If the delay line lengths were based upon some physical system, it would represent an extreme case of the ray-tracing approach, where every delay corresponded to a sound waveform vector from a single reflective surface. By borrowing some techniques from the graphical simulation of landscapes using fractal algorithms [Mandelbrot, 1977], it is possible to greatly simplify the calculation of the delay line lengths.

The basic algorithm for generating the delay lengths is straightforward: simply take a pattern of delays (with corresponding attenuations) and repeat it recursively within the delay intervals of the original pattern (see figure 2). Used with no modification of the original pattern in the recursing process, this technique will yield a variety of interesting comb filter-like effects. The pitch of the comb will be related to a common delay time generated by the recursion. Rarely does "the outdoors" sound like comb filters, however. If the pattern is modified during the recursion, a variety of delay effects, including the effect of an outdoor space, can be achieved.. The beauty of fractal algorithms is that they seem to capture the undulations and indentations of natural surfaces with a high degree of accuracy.
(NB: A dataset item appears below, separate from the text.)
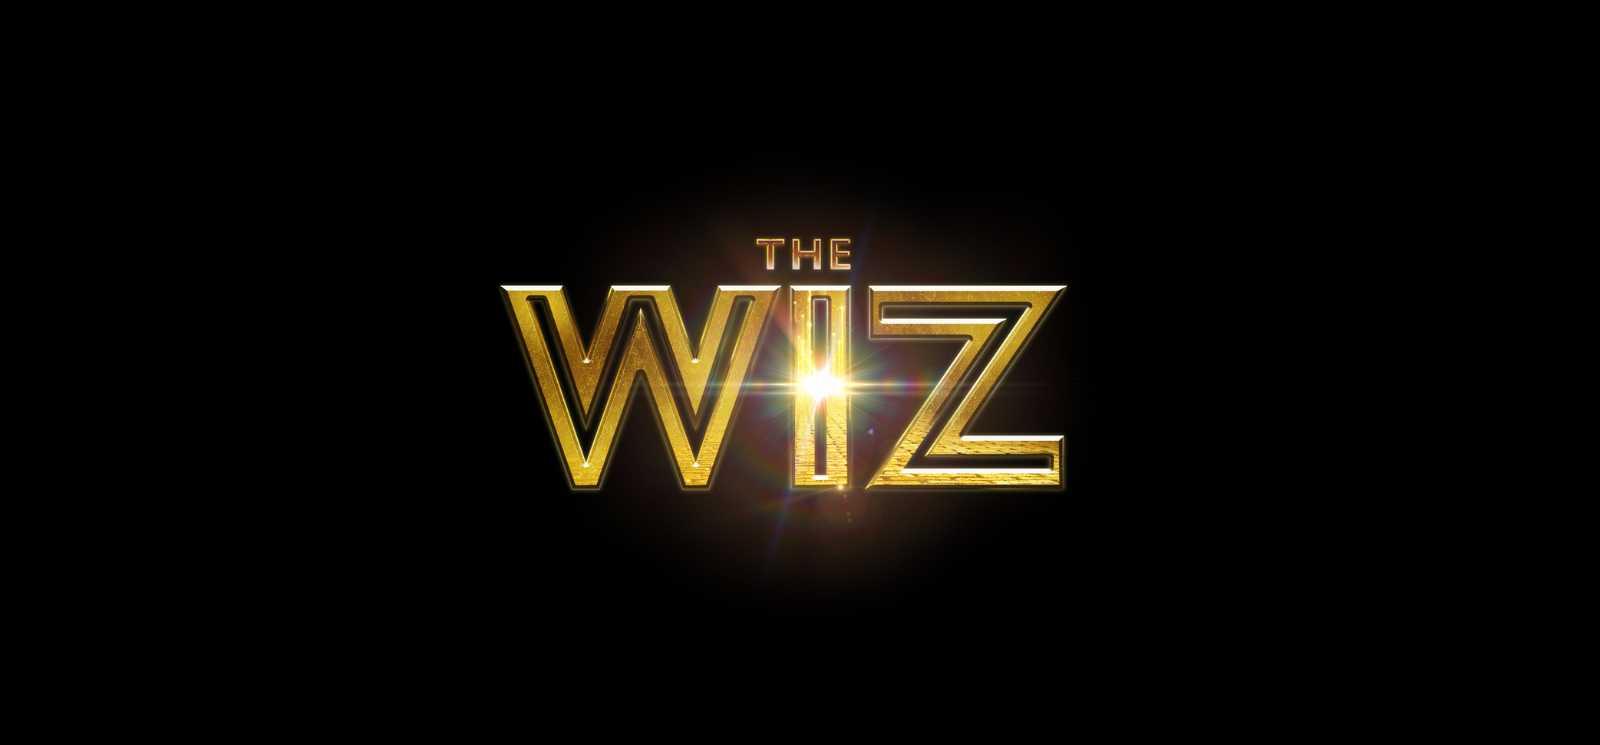 THE WIZ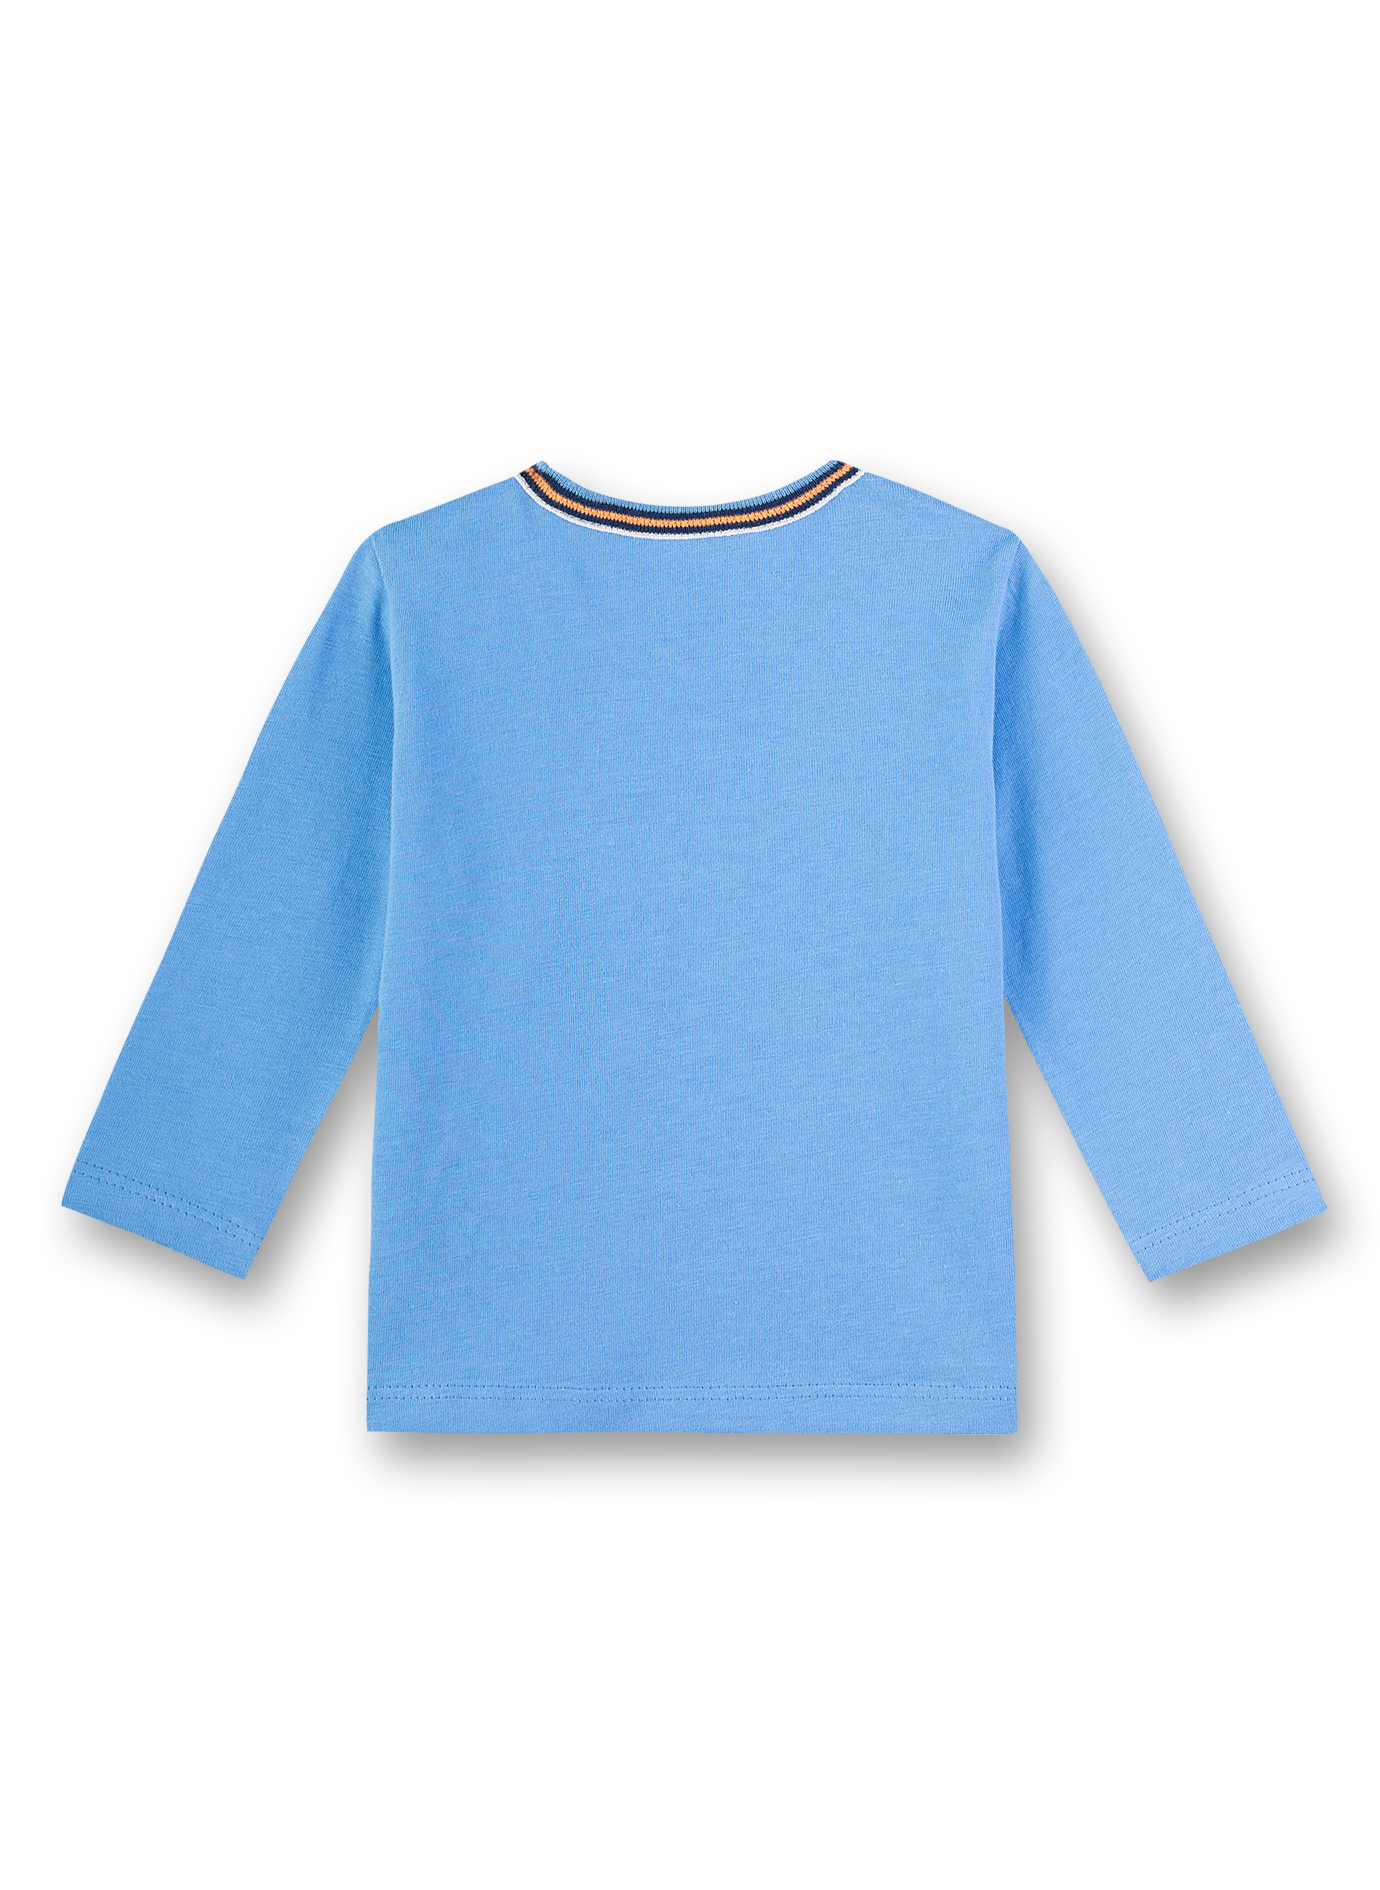 Jungen-Shirt Blau Submarine

Thus, realistic delays from a simulated mountain wall or forest can be generated quite easily using this technique.

Direct Simulation of Room Acoustics

As good as the ray-tracing/diffusion model is for creating a room-like ambience, it has some limitations. The ray-tracing technique used to generate the initial room response characteristics is based upon idealized assumptions about room geometry. Rooms which are constructed as simple polygons (usually rectangles) make the computation of the waveform vectors relatively simple. Any additional "features" in the room greatly increase the complexity of the ray-tracing approach. Also, because the initial reflections from the walls of the simulated room are thought of as single vectors, it is practically impossible to create a wall with varying acoustic properties (draperies, wall-hangings, etc.).

The direct simulation approach allows for the design of rooms with arbitrary shapes and varying acoustical characteristics. It is also quite simple to insert objects with acoustic properties anywhere in the room. The technique works by modelling the entire acoustic waveform as it expands and reflects through the room. A room is thought of as an array of nodes. Each node represents a "packet" of air. Sound propagates through the room by passing samples through each node to neighboring nodes in the direction of the wavefront travel (see figure 3). Every node delays the sound according to the width of the "packet" represented by the node. Other attributes can by stored on the individual node-objects, thus making it easy to create different acoustical features. Sound sources and receivers can also be inserted as attributes of particular node-objects.


If the grid for the nodes in the direct simulation model is regular (as in figure 3), then the resulting sound will have a sharp resonance corresponding to the comb filter created by the sound path delay of each node. In this case, sound would always be delayed by a multiple of the "unit" node delay. This effect can be eliminated by deforming the node matrix or by randomizing the node pattern throughout the room. Another solution is to make the nodes represent a packet of air exactly one sample wide.

The problem with this second solution is the general problem with both the fractal reverberator and the direct simulation room model. Both are not 'efficient' in any sense of the word. The fractal reverberator typically generates hundreds of taps on a delay line which must be accessed for each sample computed. The direct room simulator requires an enormous amount of computation. since every single node must be updated for every sample. On a Sun 3/280 running with a Sky floating point accelerator, a moderate-sized room required 50,000 cpu seconds to generate one second of sound. It is doubtful that either of these algorithms will see widespread use in the immediate future.


Moore, F. R., Elements of Computer Music, Prentis Hall, Englewood, NJ, 1990.

Mandelbrot, B., The Fractal Geometry of Nature, W. H. Freeman and Company, New York, 1977.